La “Scuola del Popolo”: risposte a dubbi e curiosità per saperne di più sul progetto
D. Quale obiettivo per la Scuola del Popolo?
R. La Scuola del Popolo si propone di rivitalizzare le sedi della CGIL attraverso l’animazione culturale che dia impulso alla socializzazione e la discussione tra le persone. Mentre impazzano le “agorà” telematiche, sono venuti, purtroppo, a mancare i luoghi fisici dove discutere, approfondire, elaborare e parlare dei propri problemi quotidiani. Ecco! Le sedi della CGIL devono essere messe a disposizione di tutti per favorire e creare nuove opportunità di stare insieme.

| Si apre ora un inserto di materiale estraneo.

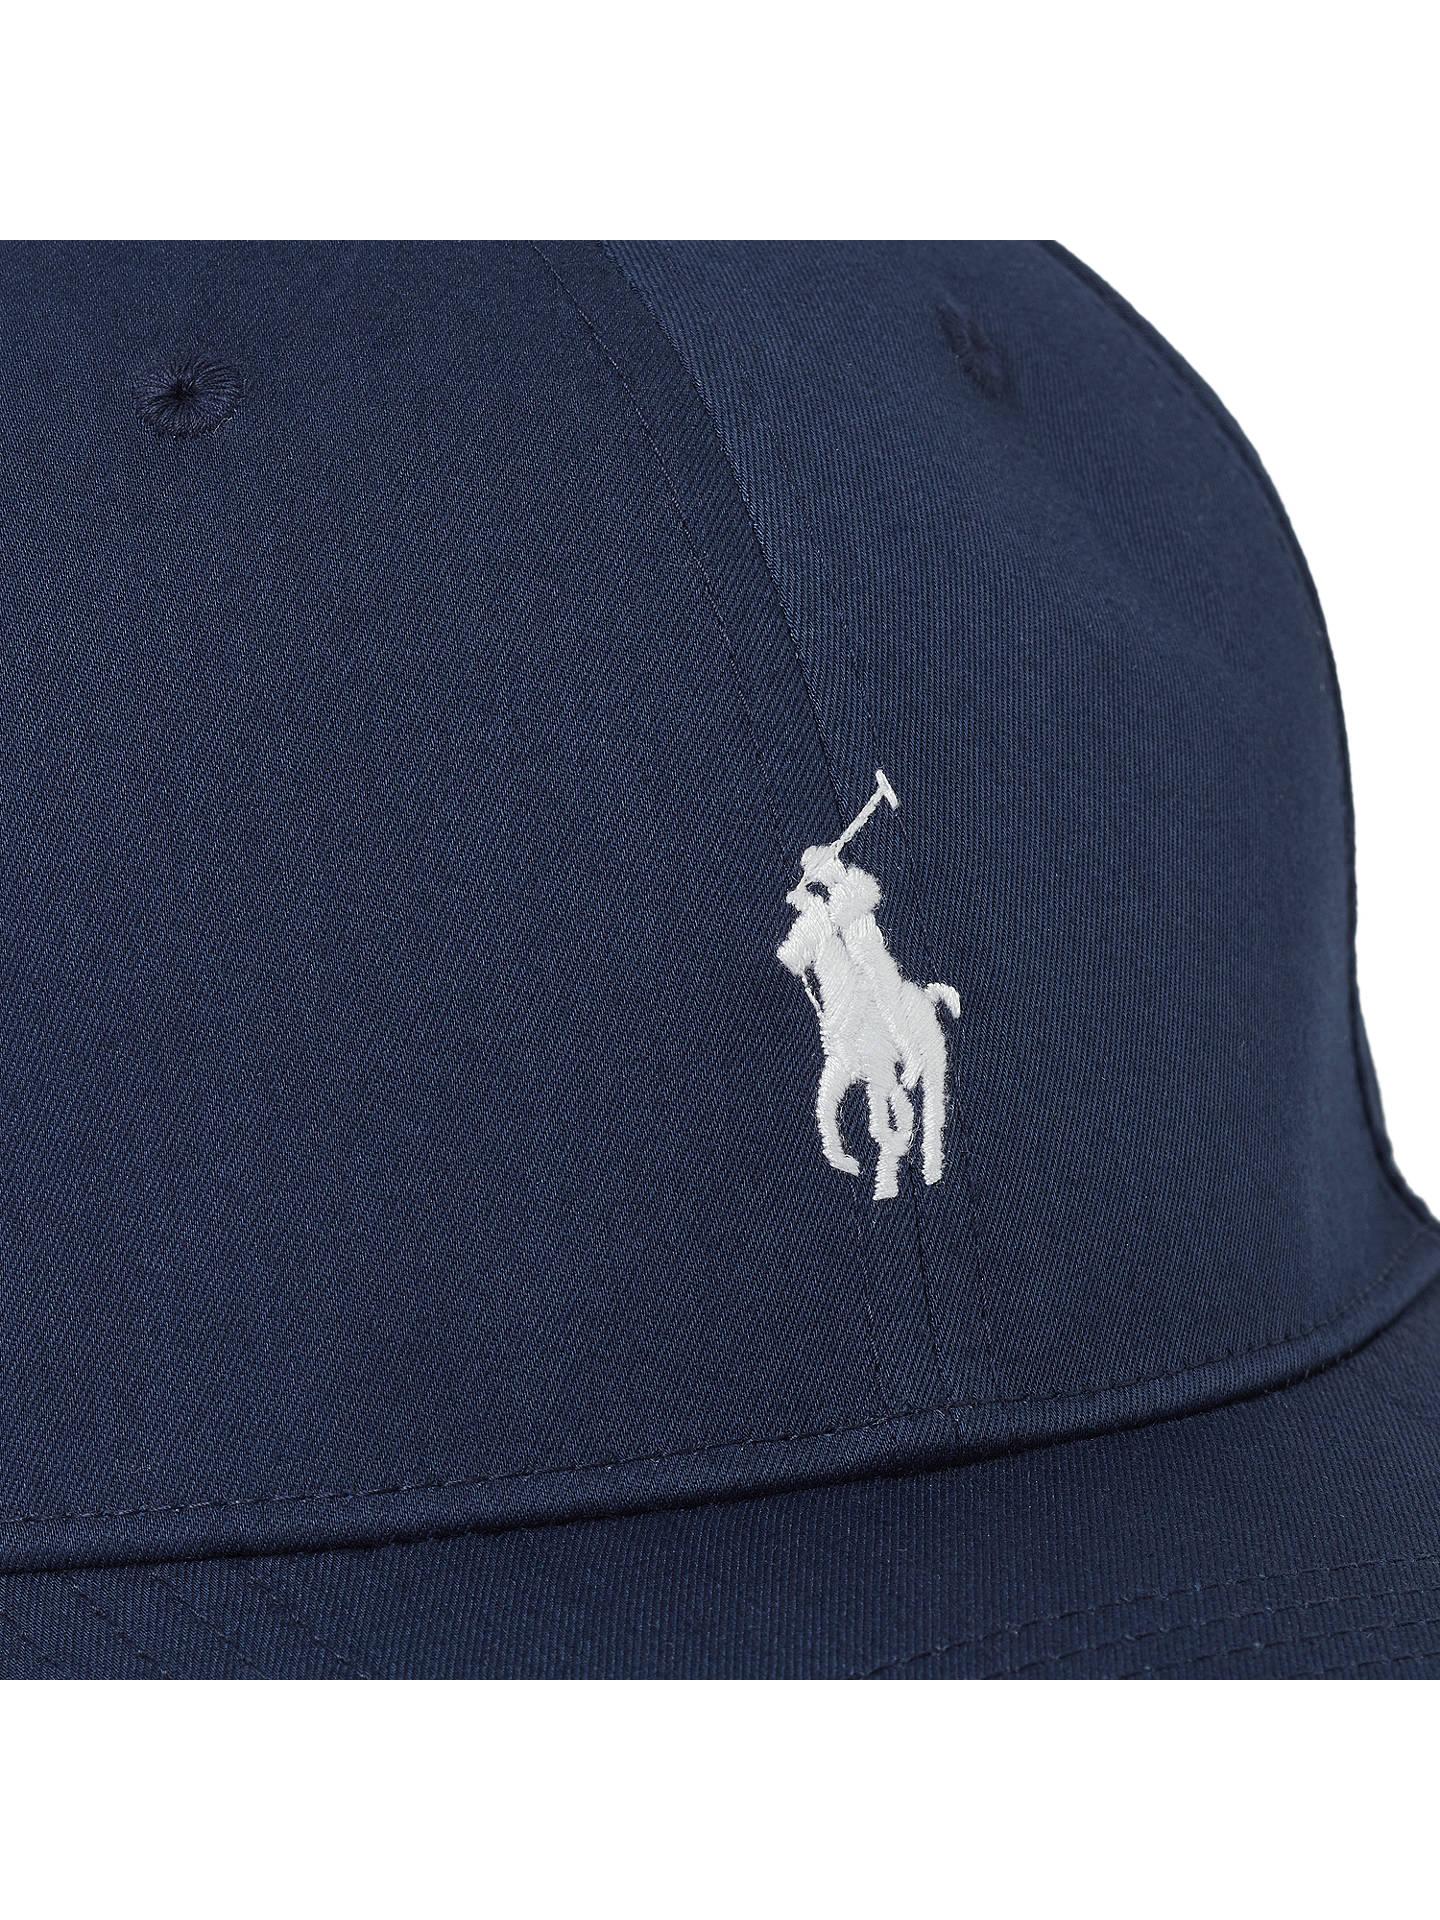 ... BuyPolo Golf by Ralph Lauren Fairway Cap a76afb39cf81

D. Perché si chiama “Scuola”?
R. Scuola con un’accezione antica. La parola scuola viene, infatti, dal greco: skholé che inizialmente indicava l’ozio, l’occupare piacevolmente il tempo libero, per poi passare ad indicare la discussione e la lezione. A questo pensiamo quando parliamo di “scuola” sottolineando il concetto di imparare, di approfondire e socializzare. Non luogo fisico dove si conseguono diplomi o titoli quindi: a questi ci pensano già altre istituzioni e organizzazioni.
D. Perché “del popolo”?
R. Perché questa parola ha oggi un significato rievocativo fondamentale per il nostro futuro politico. Un sapore di un qualcosa di conosciuto, caldo ma anche forte e intriso di storia e passione. Perché il popolo è quello da cui siamo nati e siamo cresciuti politicamente, perché è una parola essenziale per la CGIL e la sinistra in genere.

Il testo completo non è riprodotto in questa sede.